Representation may be characterized as transcendent because its elements and constructions can be understood only within a universe that transcends the real world; this is true regardless of one’s position concerning the knowability of the latter. Signs, and representations generally, cannot be understood as material objects, or even as “structures” of material objects, which does not mean that the transcendent as thus defined need be dependent on supernatural agency. The meanings of words and other representations are not found in any individual speaker’s mind, nor in all of them added together; they exist for the community as a whole. Thus they fall under the Durkheimian concept of the sacred, although Durkheim never speaks of language in such terms.

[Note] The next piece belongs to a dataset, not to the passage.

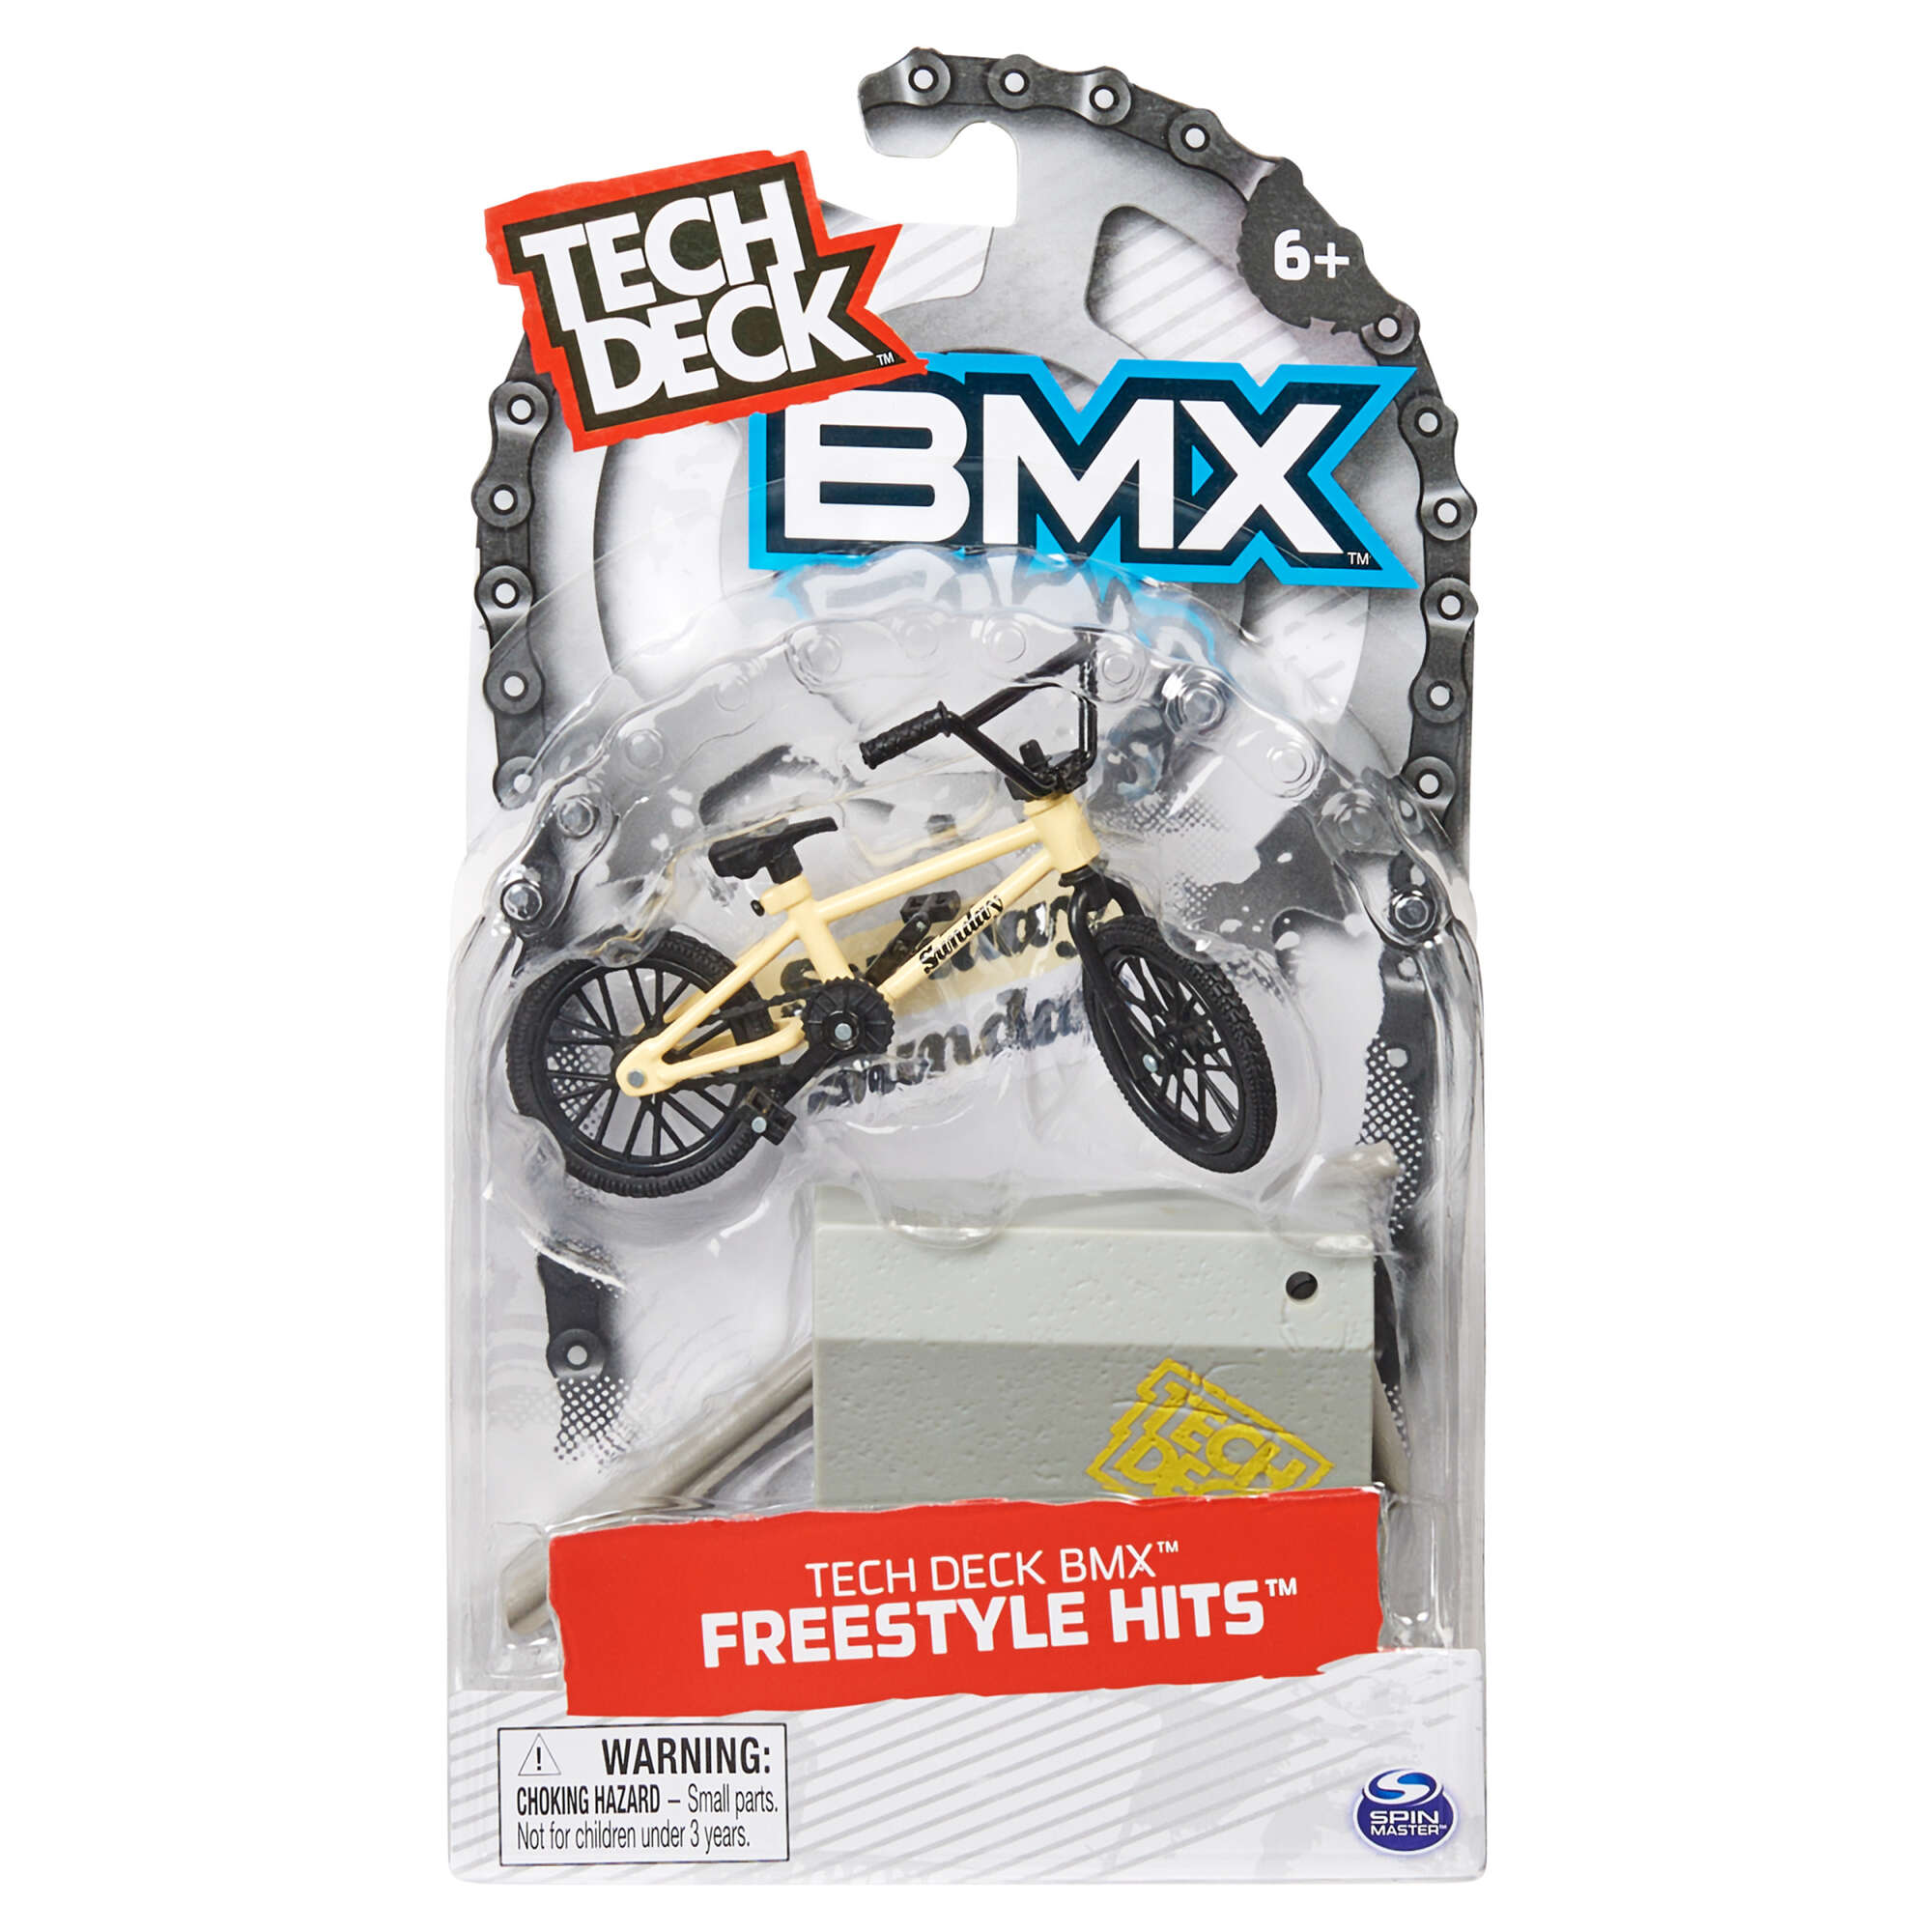 Tech Deck BMX Finger Bike Single Sunday Black

For Kant, the first philosopher to deal with the categories of thought from the perspective of transcendence, the function of representation is unequivocally cognitive. Kant understands what we call the esthetic (he speaks rather of our “taste” for “the beautiful”) as a modification of the judgment, whose normal function is to assign phenomena to concepts (on seeing a horse, we assign it to the concept “horse”), in order to grasp an object in which we intuit unity and purpose “without a concept.” The esthetic object, which for Kant is not necessarily or even principally a cultural artifact, is one that shares with the members of “natural kinds” the wholeness that we associate with living species, yet unlike these, it cannot simply be named by a species concept. In experiencing the particular living unity of this horse I do more than judge it a good example of horseness; I intuit it as a purposeful individual being, existing for itself and not merely in order to exemplify its species.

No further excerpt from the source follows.